A: Some common challenges associated with the parabolic lens include:

• Aberrations: The parabolic lens can suffer from aberrations, which are distortions in the image that can affect its quality.
• Diffraction: The parabolic lens can suffer from diffraction, which is the bending of light around the edges of the lens.
• Optical noise: The parabolic lens can suffer from optical noise, which is the random fluctuations in the light that can affect its quality.

Q: How can the challenges associated with the parabolic lens be overcome?

A: The challenges associated with the parabolic lens can be overcome by using advanced materials and manufacturing techniques to reduce aberrations and diffraction. Additionally, optical noise can be reduced by using noise-reducing techniques, such as image processing and filtering.

Q: What are some common materials used to make parabolic lenses?

A: Some common materials used to make parabolic lenses include:

• Glass: Glass is a common material used to make parabolic lenses because it is transparent, durable, and can be easily shaped.
• Plastic: Plastic is a common material used to make parabolic lenses because it is lightweight, flexible, and can be easily molded.
• Metal: Metal is a common material used to make parabolic lenses because it is durable, resistant to scratches, and can be easily polished.

Q: What are some common manufacturing techniques used to make parabolic lenses?

A: Some common manufacturing techniques used to make parabolic lenses include:

• Grinding: Grinding is a technique used to shape the lens by removing material from its surface.
• Polishing: Polishing is a technique used to smooth the surface of the lens and remove any imperfections.
• Coating: Coating is a technique used to apply a thin layer of material to the surface of the lens to reduce aberrations and improve its optical quality.

Q: What are some common applications of the parabolic lens in industry?

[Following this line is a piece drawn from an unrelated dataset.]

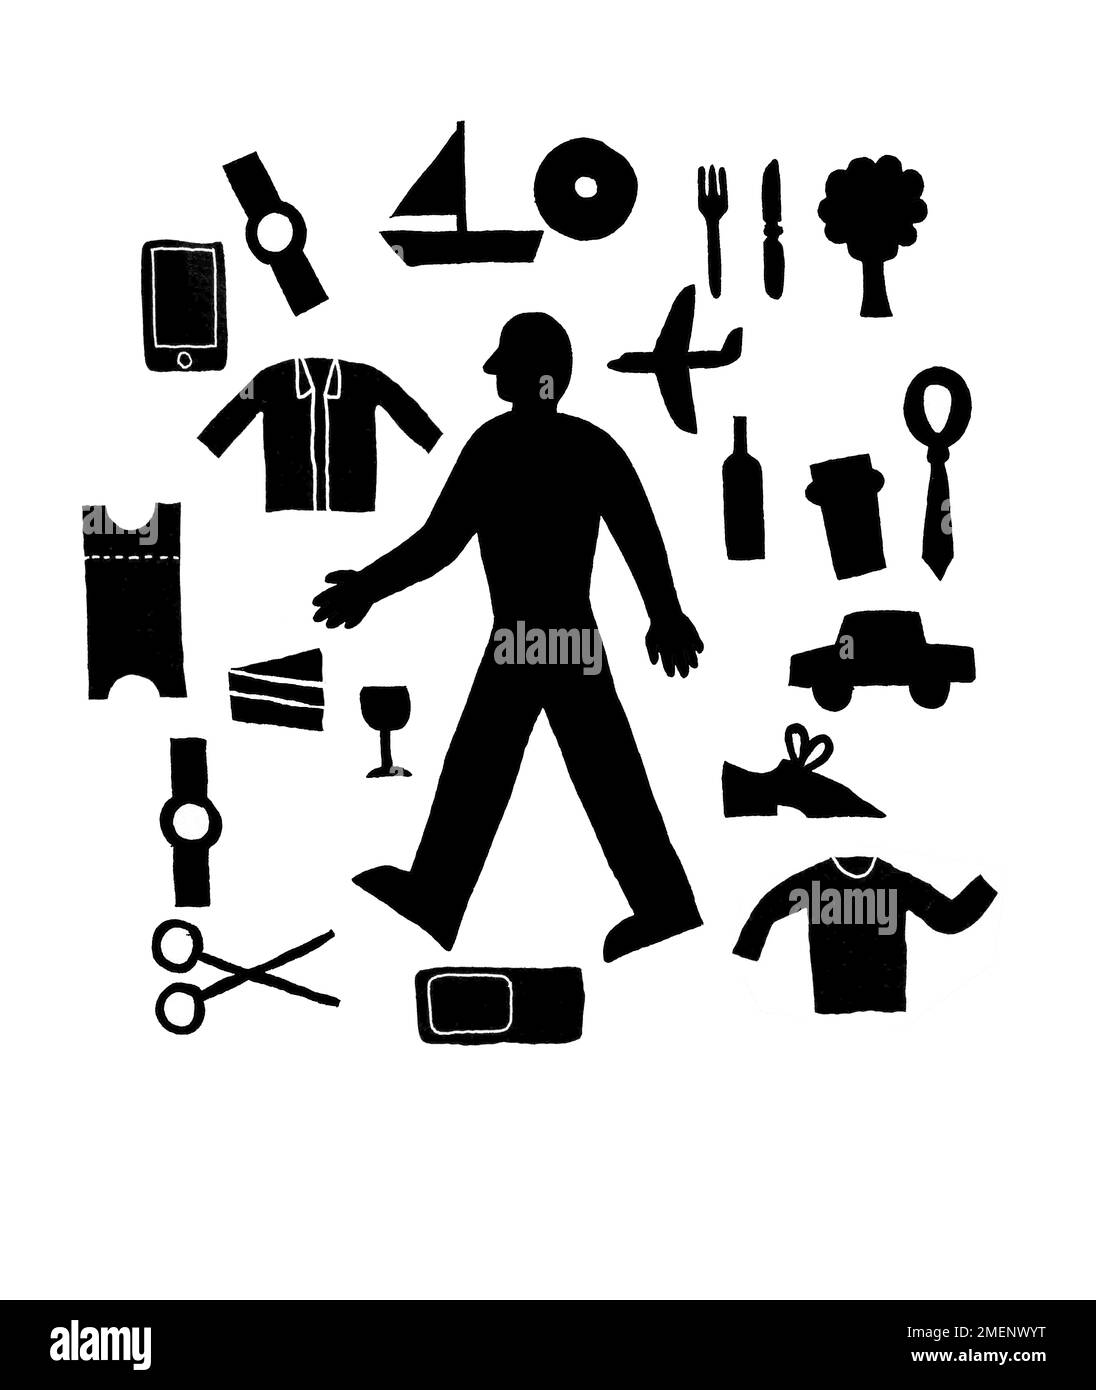 Illustration noire et blanche de l'homme entouré par une multitude d'objets et de préoccupations de tous les jours Banque D'Images

A: Some common applications of the parabolic lens in industry include:

• Surveillance: The parabolic lens is used in surveillance systems to collect and focus light from a scene.
• Inspection: The parabolic lens is used in inspection systems to collect and focus light from a surface.
• Measurement: The parabolic lens is used in measurement systems to collect and focus light from a surface.

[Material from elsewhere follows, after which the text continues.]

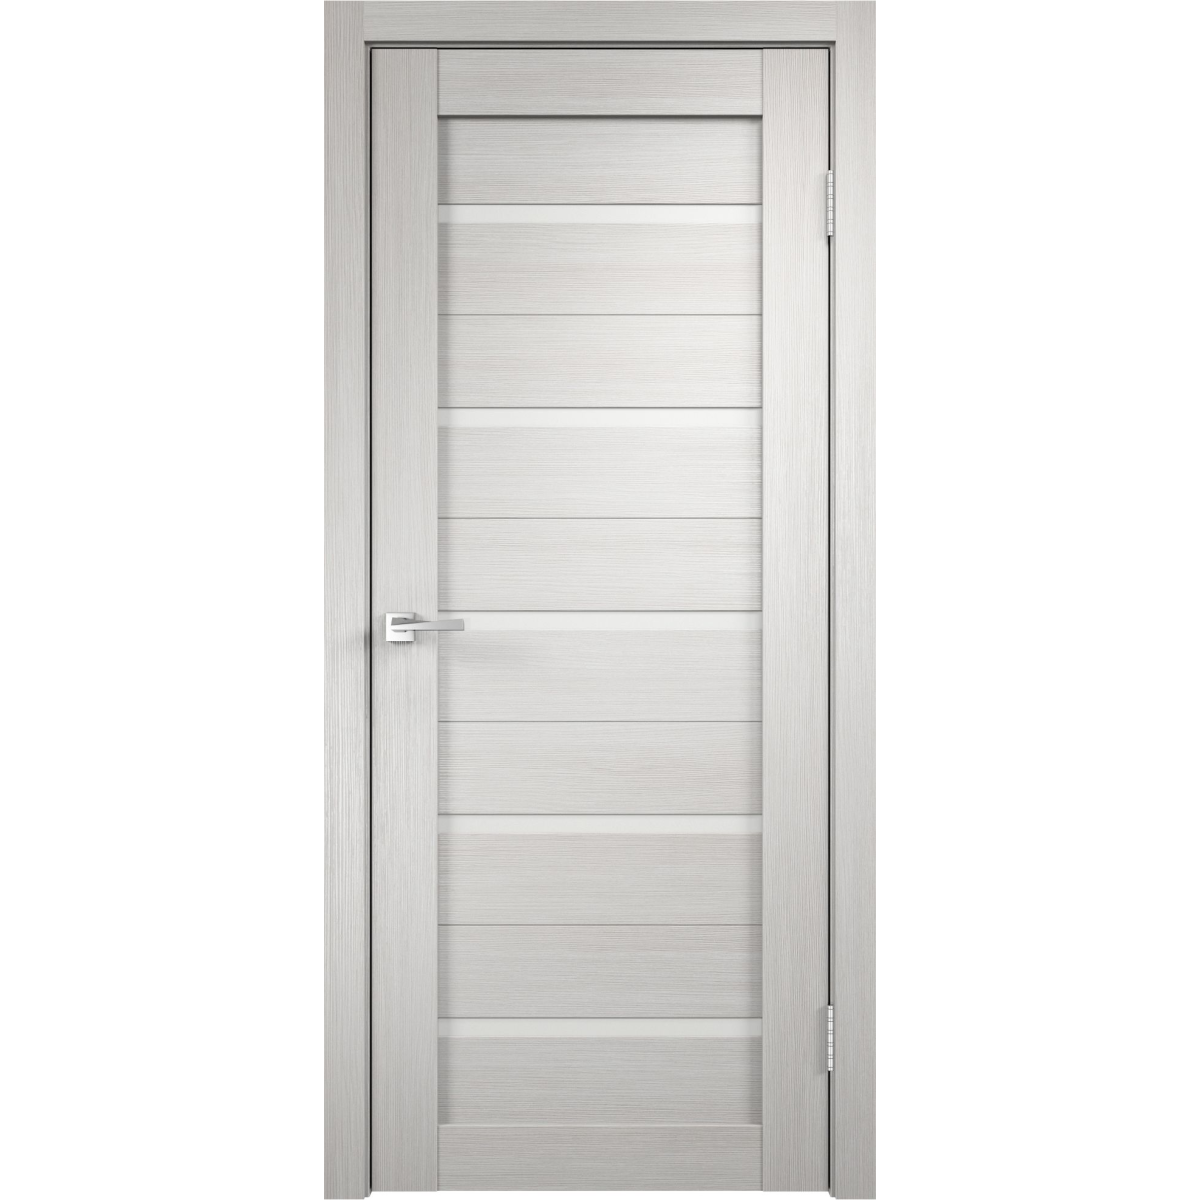 Дверь межкомнатная Дюплекс 60x200 см, ПВХ, цвет белёный дуб

Q: What are some common applications of the parabolic lens in medicine?

A: Some common applications of the parabolic lens in medicine include:

• Endoscopy: The parabolic lens is used in endoscopy to collect and focus light from the inside of the body.
• Microscopy: The parabolic lens is used in microscopy to collect and focus light from small objects.
• Imaging: The parabolic lens is used in imaging systems to collect and focus light from a scene.

Q: What are some common applications of the parabolic lens in astronomy?

A: Some common applications of the parabolic lens in astronomy include:

• Telescopes: The parabolic lens is used in telescopes to collect and focus light from distant stars and galaxies.
• Spectroscopy: The parabolic lens is used in spectroscopy to collect and focus light from a scene.
• Imaging: The parabolic lens is used in imaging systems to collect and focus light from a scene.

Q: What are some common applications of the parabolic lens in education?

A: Some common applications of the parabolic lens in education include:

• Optics: The parabolic lens is used in optics to teach students about the behavior of light.
• Physics: The parabolic lens is used in physics to teach students about the behavior of light and its interaction with matter.
• Engineering: The parabolic lens is used in engineering to teach students about the design and construction of optical systems.